Researchers from Massachusetts General Hospital, Harvard Medical School and CIC bioGUNE discover a complex cell mechanism activated by a protein -- HOXB9 -- that becomes an obstacle for radiation effectiveness.
Scientists all over the world continue to focus their research on breast cancer. As a consequence, knowledge of the behaviour of tumour cells is growing, as well as of their interactions with the microenvironment.

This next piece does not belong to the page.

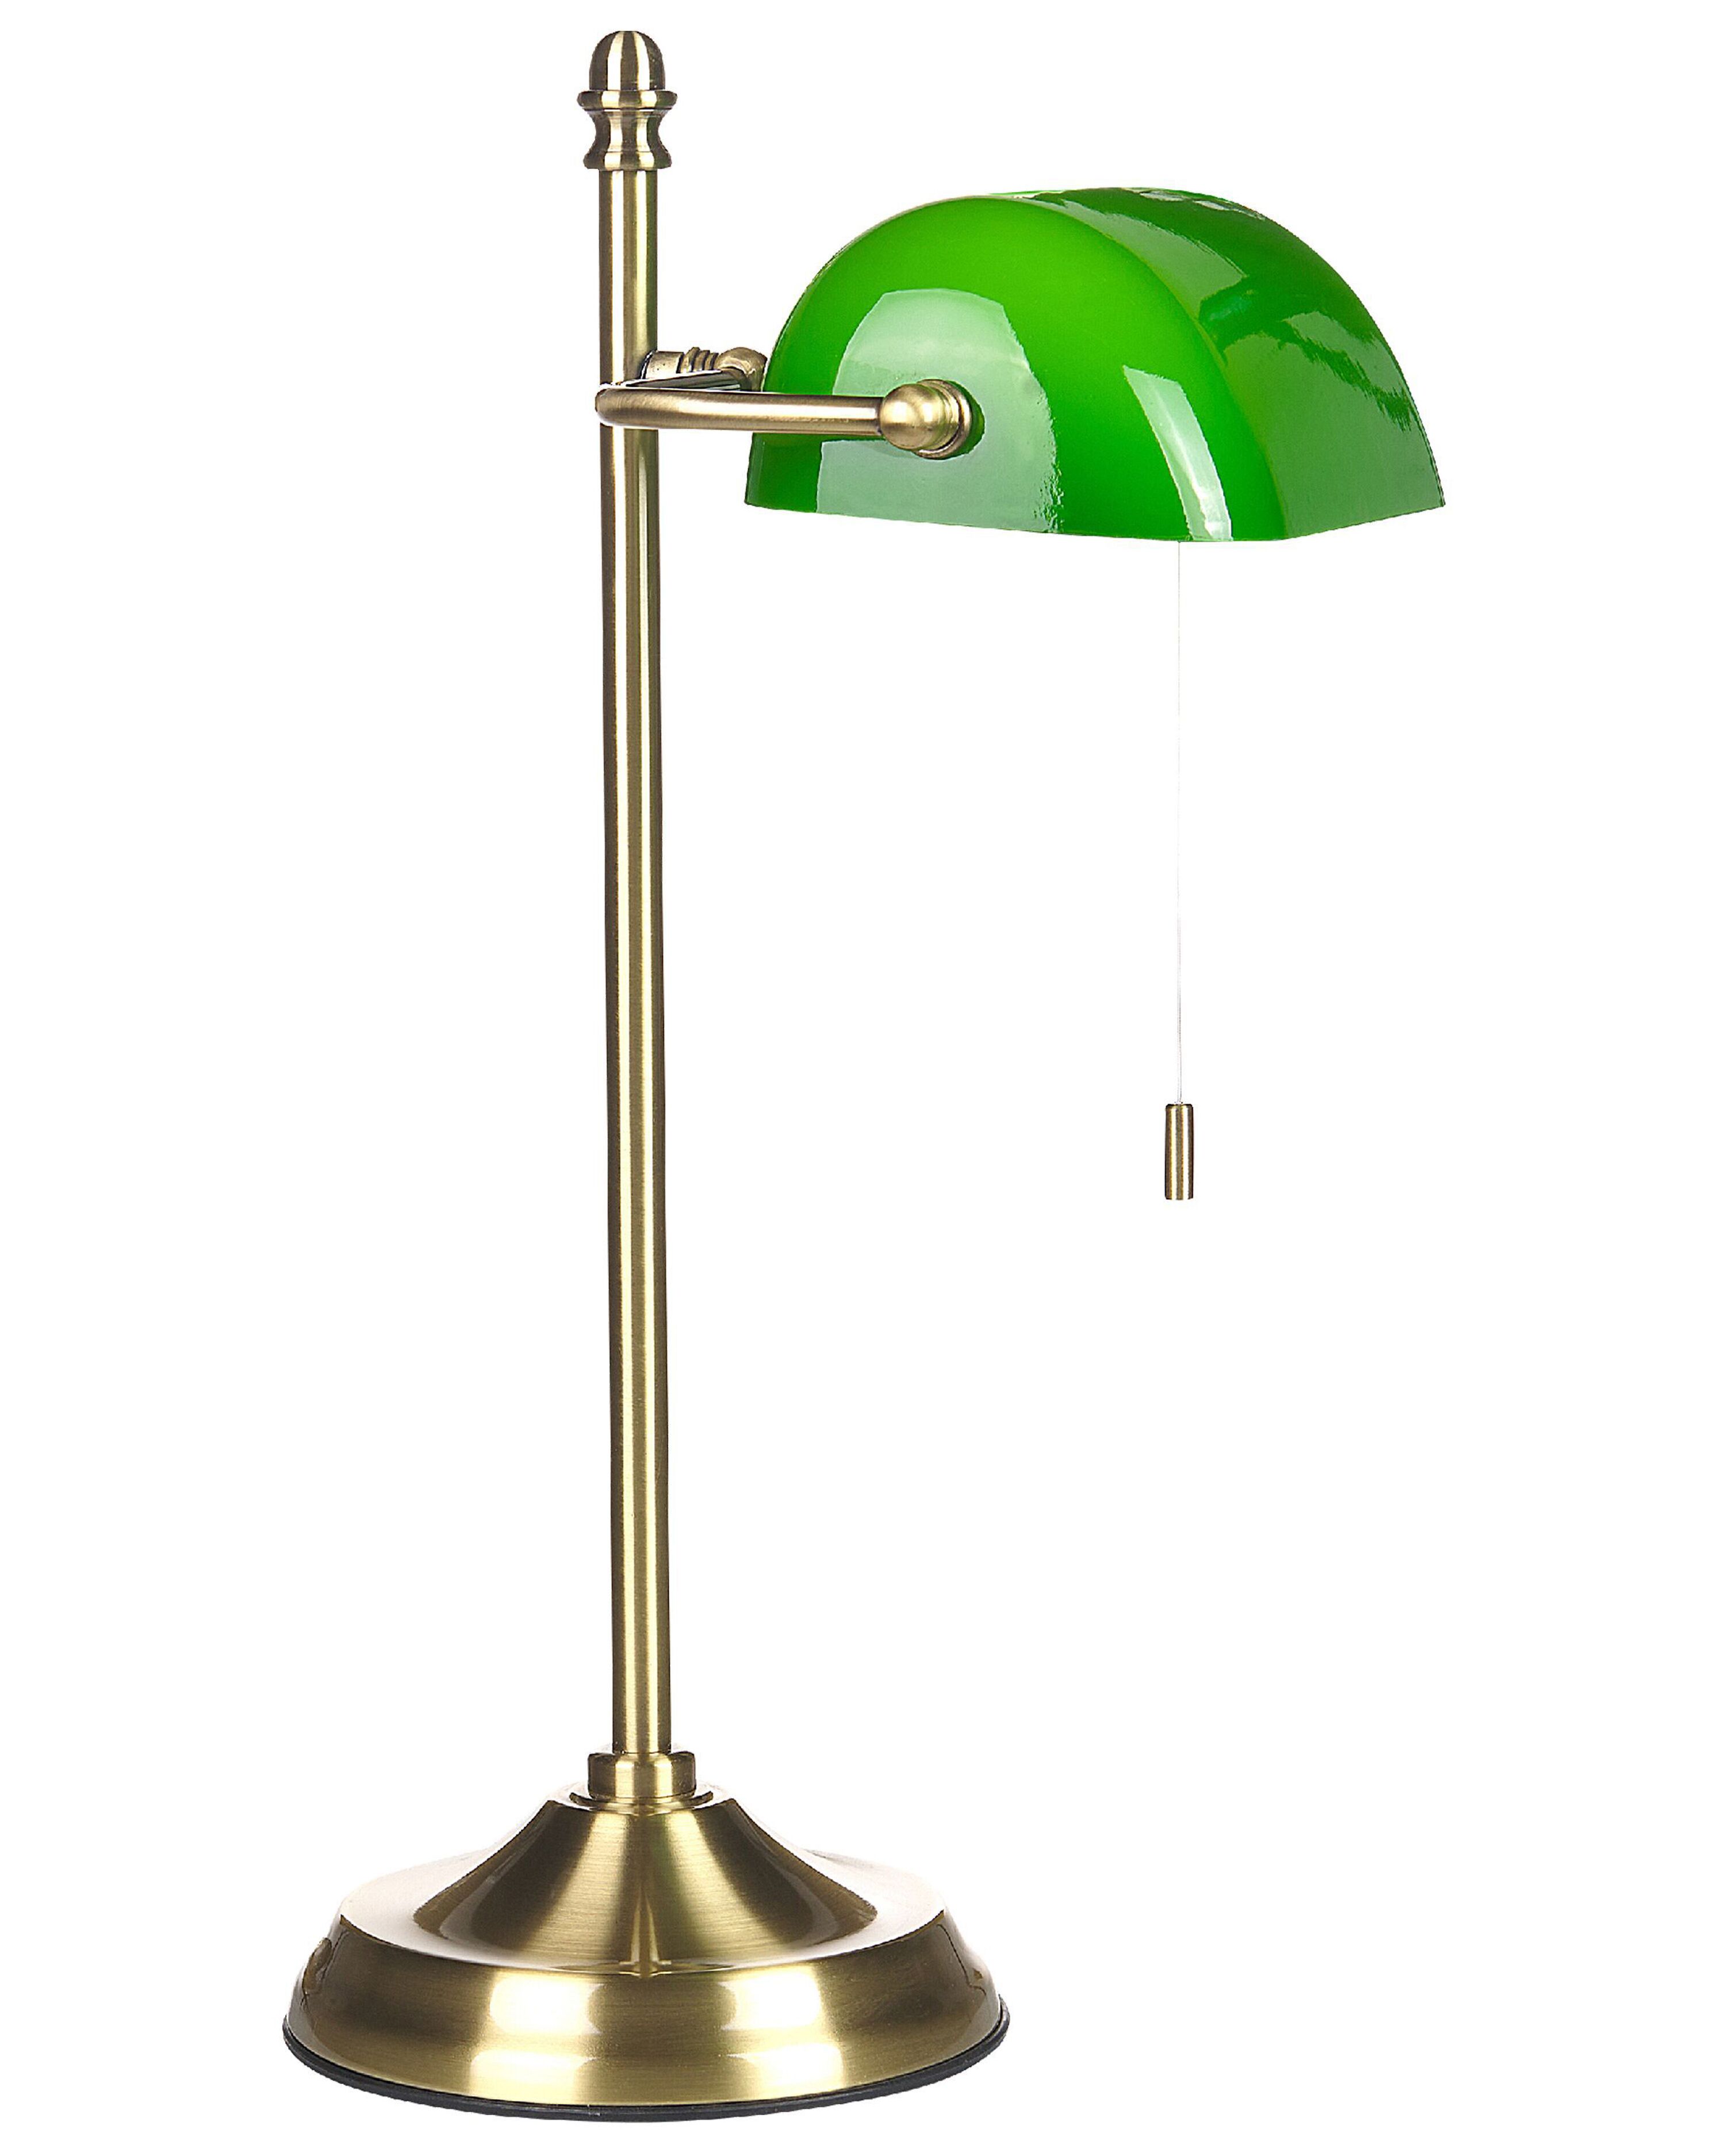 Metal Banker's Lamp Green and Gold MARAVAL

There are, however, many questions still unanswered.
A new collaborative study carried out by the laboratory of Dr María Vivanco, researcher at the Cell Biology and Stem Cells Unit in the Center for Cooperative Research in Biosciences, CIC bioGUNE, and the groups led by Dr Zou and Dr Maheswaran in Boston, has provided insight into one of these mysteries: a cell mechanism that explains how a protein -- called HOXB9 -- helps cancer cells to avoid the attack of treatments such as radiation, and prevents the therapy from having the desired effect on certain types of breast cancer.
The study was recently published in Proceedings of the National Academy of Sciences (PNAS). The study shows that cells that express higher levels of the HOXB9 transcription factor are more likely to survive the radiation used as breast cancer treatment.

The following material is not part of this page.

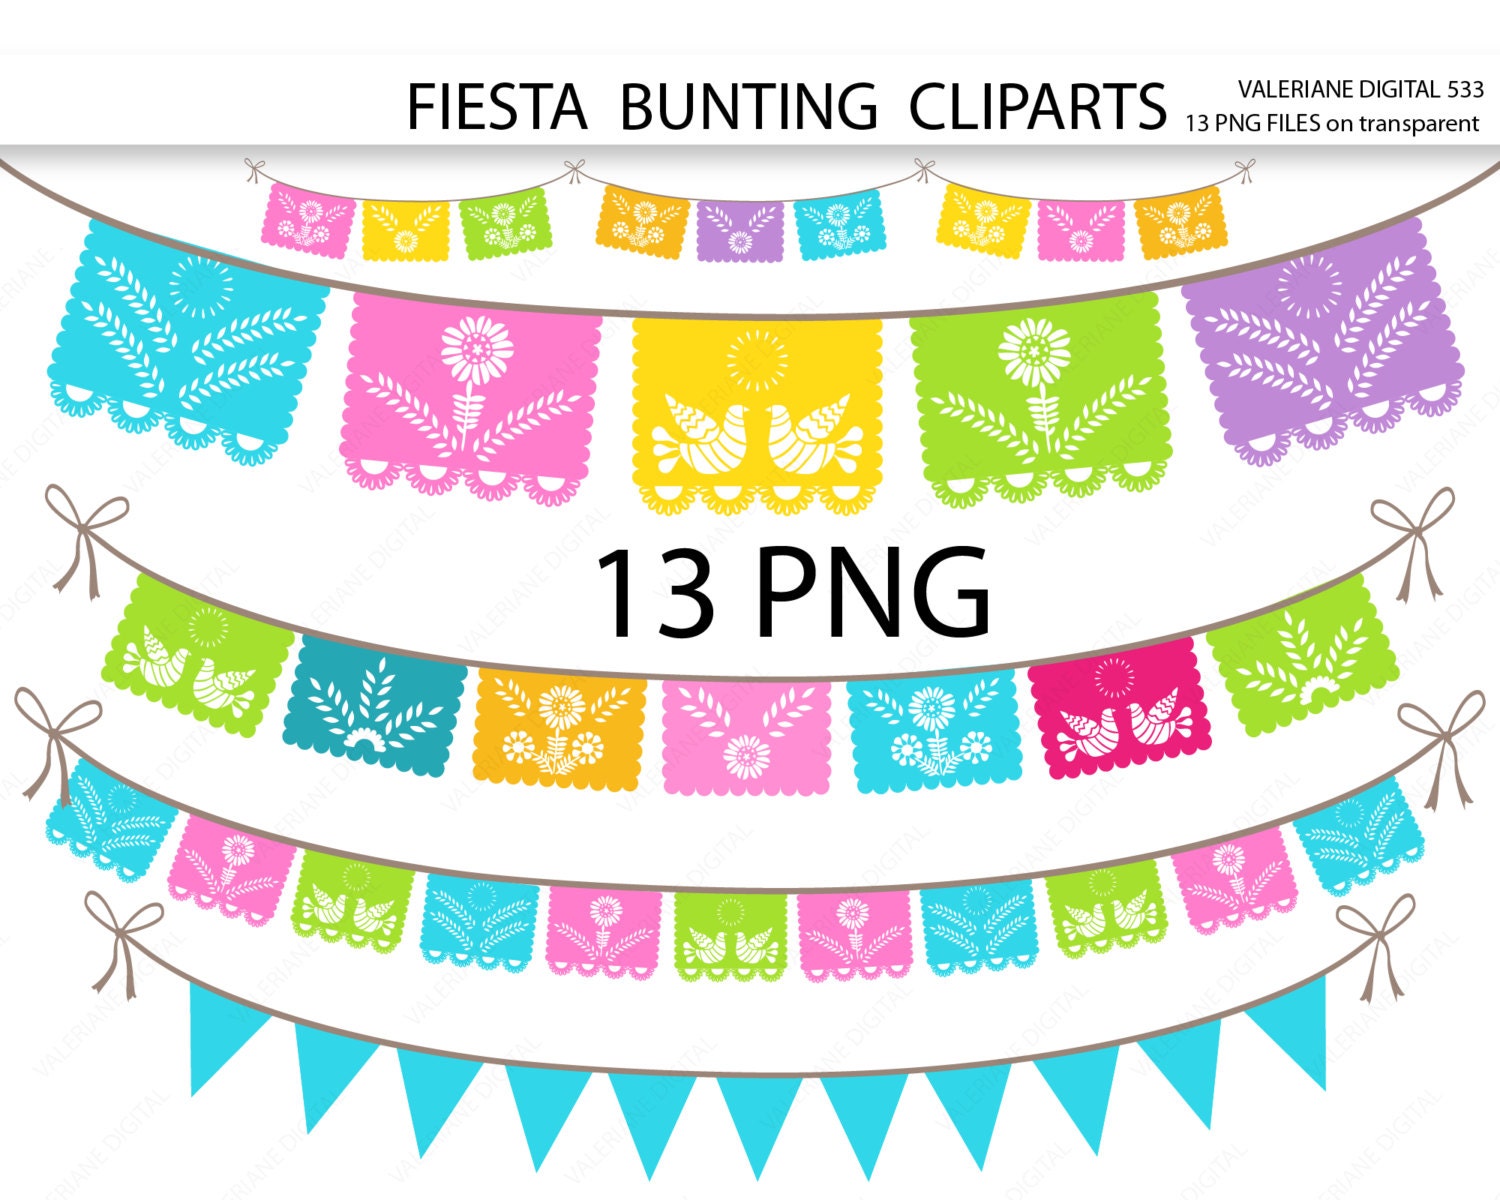 Fiesta Digital bunting clipart mexican clip art clipart for

A complex mechanism induced by this protein has been discovered, which manages to activate a whole chain of cell processes in which different proteins -- such as ATM kinase, amongst others -- intervene, and which make certain cancerous cells more resistant to treatment. Dr Vivanco explains, "when the tumour is exposed to radiation it induces DNA damage -- a phenomenon that results in formation of double-stranded DNA breaks -- leading the cells to respond and try to repair the damage caused in the DNA using another mechanism -- called the DNA damage response," by activating ATM kinase. In this way, the cell cycle is stopped and the DNA is repaired in order to maintain chromosome stability.

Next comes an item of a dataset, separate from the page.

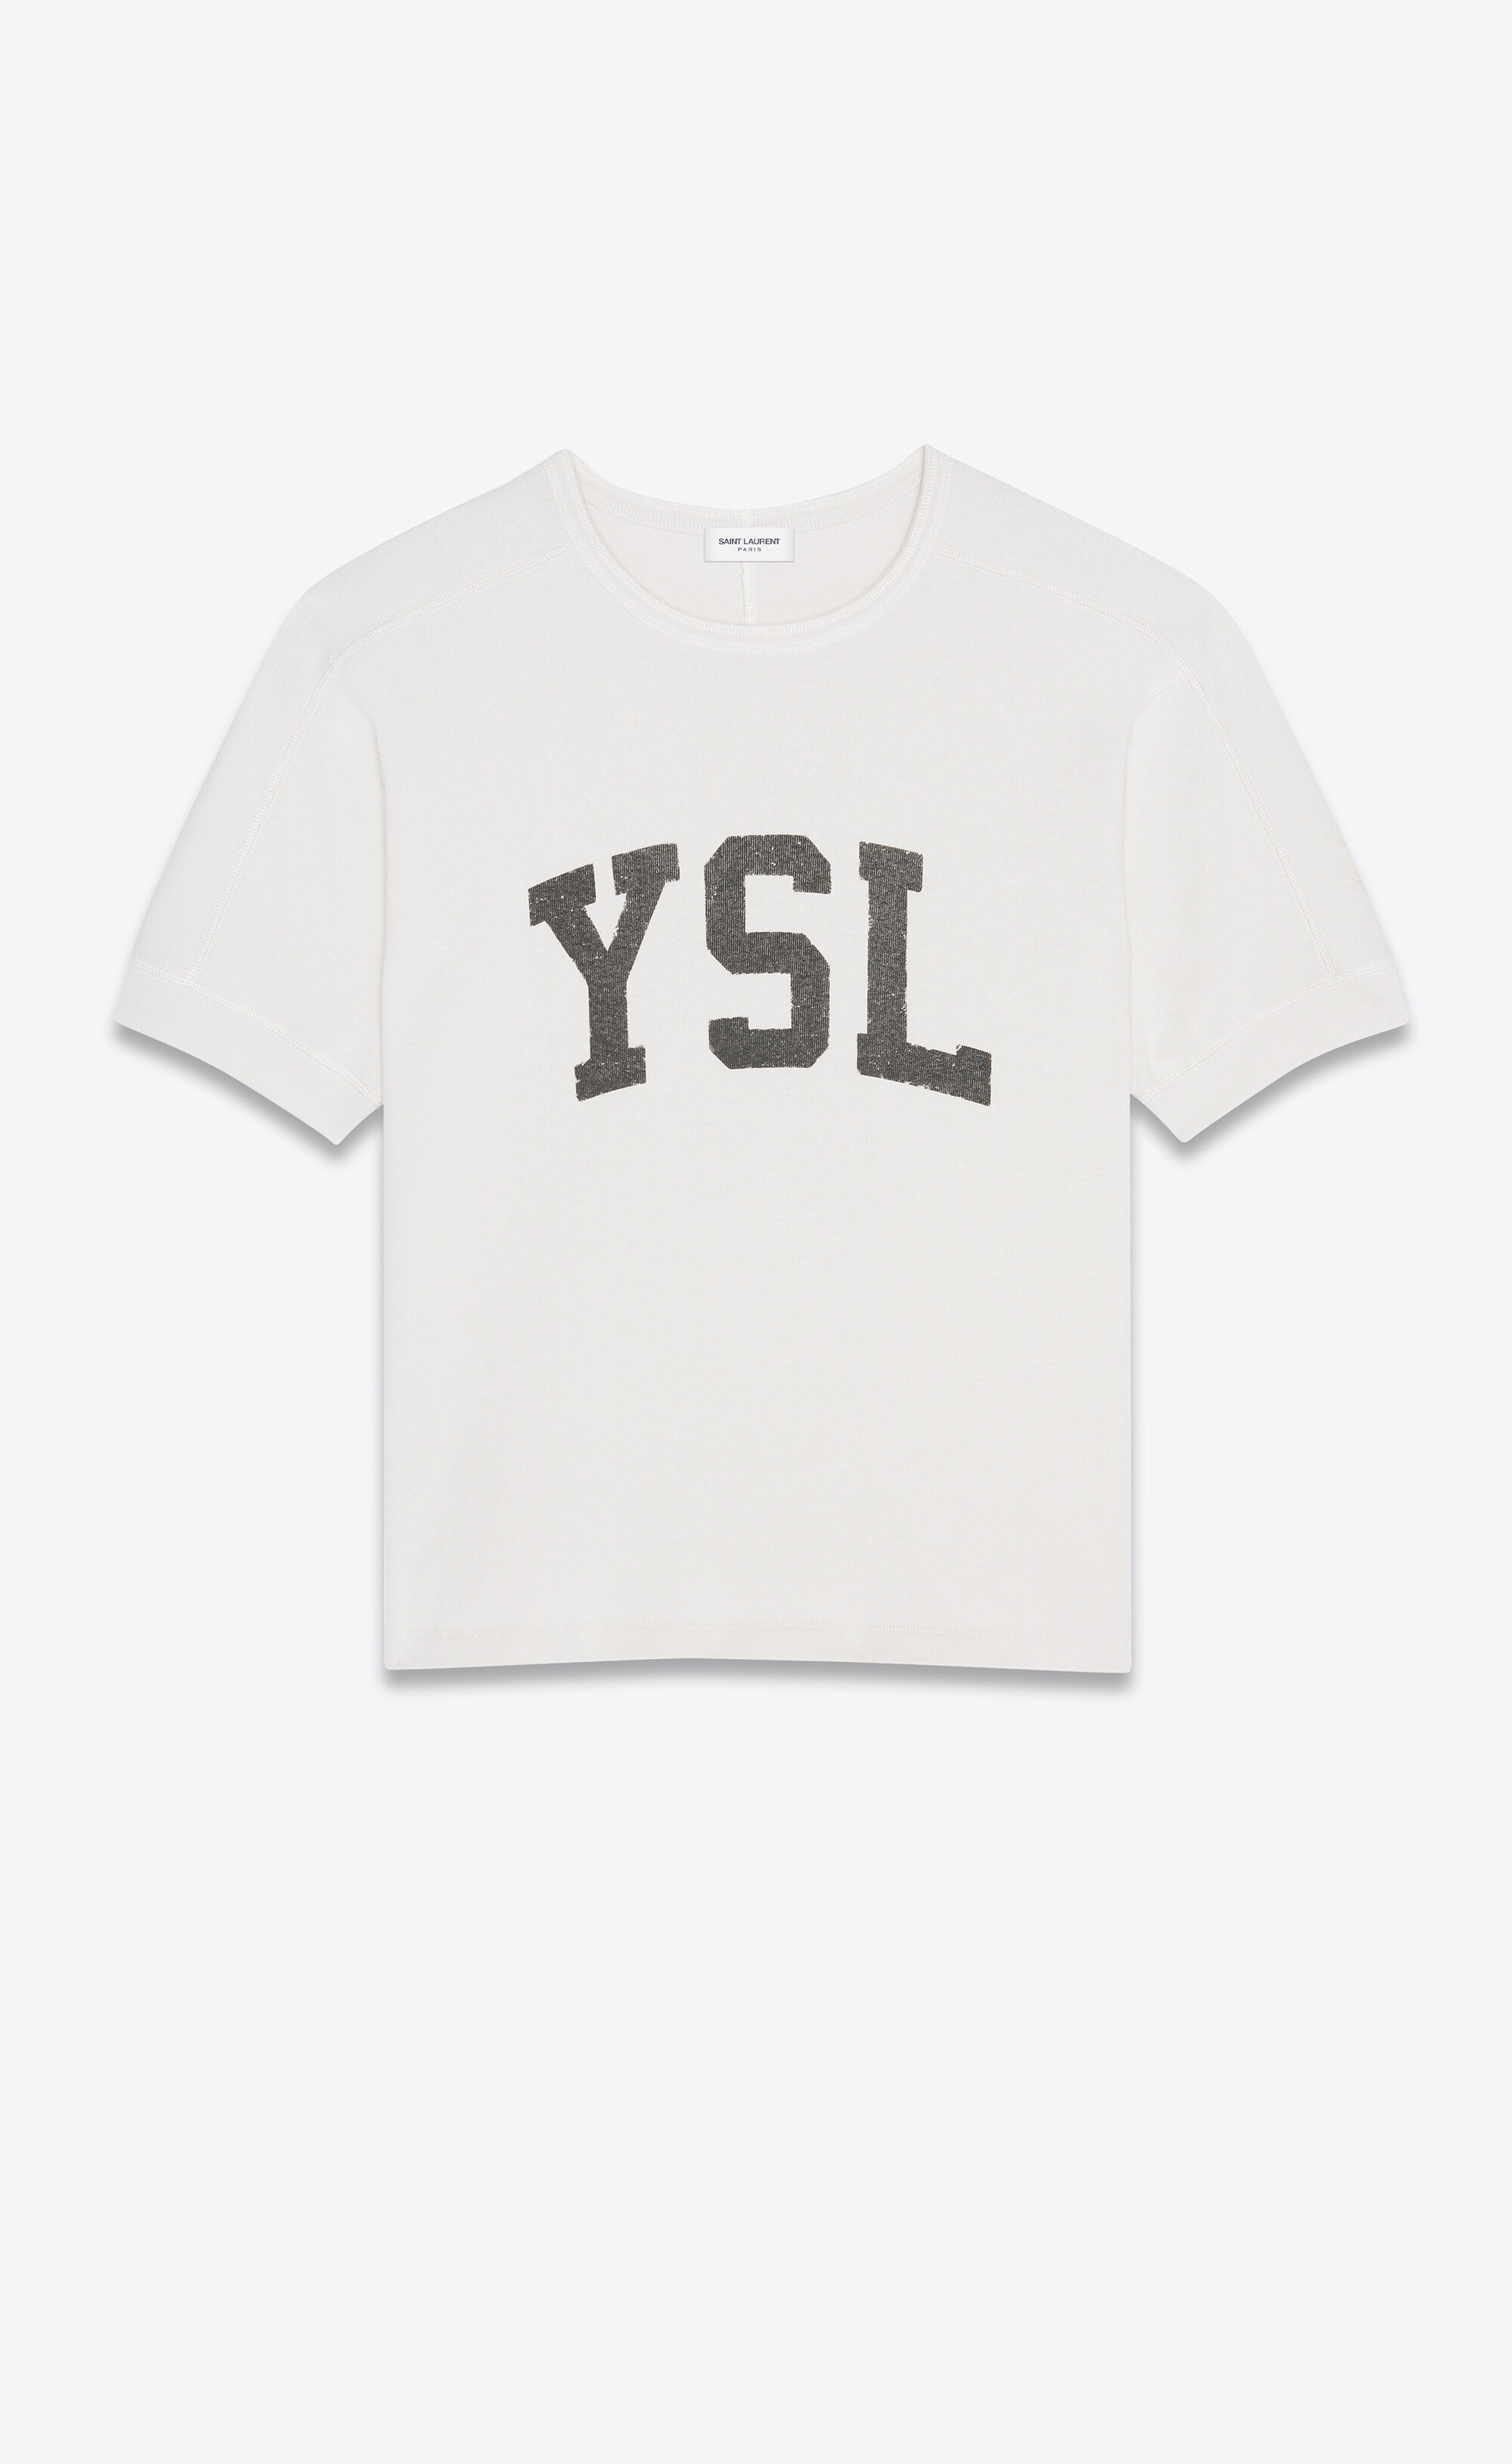 ysl vintage t-shirt - 1

HOXB9 expression causes an increase in survival of cells that have been exposed to radiation. This higher resistance occurs because of the acceleration of response to radiation and its higher recovery capacity after DNA damage. On the other hand, reduction of the levels of this protein, leads to increased cell sensitivity to radiation. Furthermore, the growth factor TGFbeta (a HOXB9 target) is also involved. Therefore, HOXB9 facilitates DNA repair by activation of the TGFbeta signalling pathway, which elevates ATM phosphorylation, accelerates DNA damage response and radiation resistance.
The published research is the continuation of another study carried out last year by CIC bioGUNE, Massachusetts General Hospital and Harvard Medical School, which showed that this same protein (HOXB9) is overexpressed in breast cancer and that its expression levels are associated with high tumour grade.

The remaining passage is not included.